Aku cuek pada mereka bukan karena tak peduli, tapi aku merasa mereka harus mandiri dan bisa menyelesaikan masalah di group mereka, aku hanya sesekali memberi petunjuk dan mengarahkan mereka. Tidak seperti beberapa group lain yang aku nilai agak manja dan berlebihan pada pendampingnya. Susah sedikit lapor pendamping, bahkan ada juga yang hanya urusan sepatu sampai pendamping yang turun tangan. Sejak hari pertama aku menekankan pada groupku jika aku tak suka dengan anggota yang manja dan jangan harap aku mau memanjakan mereka, setiap masalah harus mereka pecahkan sendiri bersama-sama, tidak boleh ada diskriminasi dalam berpendapat, saling respect, saling bantu dan saling menyemangati. Jika perlu susah senang sama-sama meskipun hanya untuk 3 hari ini.
***
Bell terakhir berbunyi siswa-siswa yang masih berkerumunan langsung berlarian menuju kelas masing-masing. Termasuk groupku, catatan-catatan yang belum selesain kuperiksa masih tertumpuk ditanganku. Lalu aku bergegas menyusul mereka masuk kelas dan memeriksa catatan yang belum kuperiksa lalu mengembalikannya pada mereka.

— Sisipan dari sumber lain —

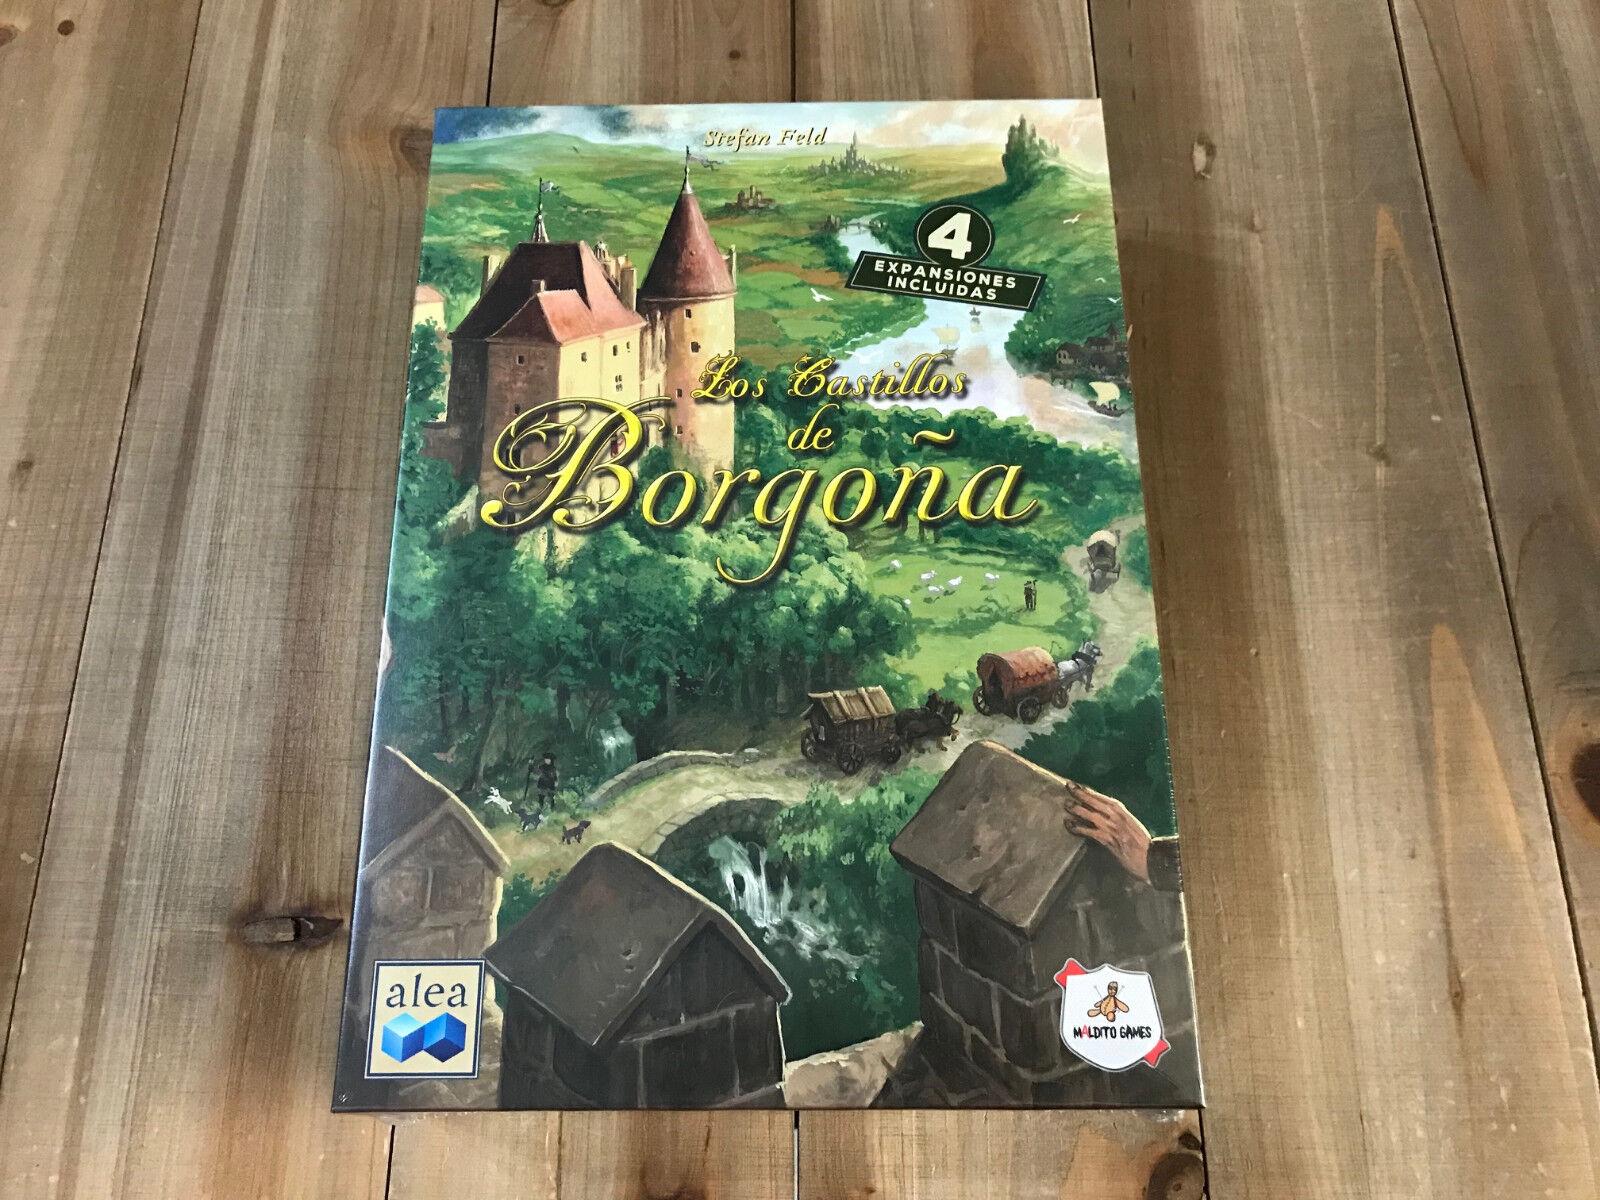 Juego de mesa - Los Castillos de Borgoña - Maldito Juegos - Precintado

Setelah panitia mengumumkan acara terakhir MOS hari ini, peserta pun dipersilahkan keluar kelas dan mengikuti upacara penutupan MOS. Upacara berlangsung lancar dengan aku sebagai MC. Upacara yang dipimpin oleh Bapak Ridwan selaku pembina OSIS diakhiri dengan tepuk tangan yang sangat meriah oleh semua peserta upacara setelah beliau mengucapkan kata “Welcome To SMA Negeri 1 Muara Jawa”
Ketika Pak Ridwan meninggalkan lapangan upacara, semua barisan kembali kami ambil alih untuk melakukan halal bihalal pada siswa-siswi baru. Aksesoris nyeleneh mereka sudah dilepaskan dan kini kami saling bersalaman dan saling mengucap maaf karena selama 3 hari ini banyak hal-hal luar biasa yang terjadi terlepas dari itu banyak pula ucapan panitia yang mungkin menyinggung dan menyakiti hati peserta MOS. Dan moment bersalam-salaman inilah moment yang mengharukan. Karena perserta MOS akan memberikan kenang-kenangan pada panitia MOS.
Hal yang tak pernah terpikirkan olehku adalah, aku tak menyangka ternyata ada yang memberiku kenang-kenangan. Anggi memberiku gantungan kunci boneka sapi yang lucu, dan nyaris semua anggota groupku memberiku kenang-kenangan. Ada yang memberiku coklat, frame foto lucu, pajangan, kaos kaki bergambar Hello Kitty (padahal aku sukanya doraemon), pin-pin lucu, diary, hingga jilbab. Dan satu lagi ada bros dengan aksen manik dan mutiara dari Aldy berbentuk kupu-kupu. Tak lupa juga aku meminta maaf pada mereka semua, jika selama 3 hari ini aku telah banyak menyiksa mereka secara verbal. Dan dengan senyum tulus mereka mengatakan tak mempermasalahkan hal itu.
Dalam perjalanan pulang aku merasakan satu hal lagi yang luar biasa, siswa-siswa baru ini menyapaku ramah sekali dan berpamit pulang kerumah masing-masing.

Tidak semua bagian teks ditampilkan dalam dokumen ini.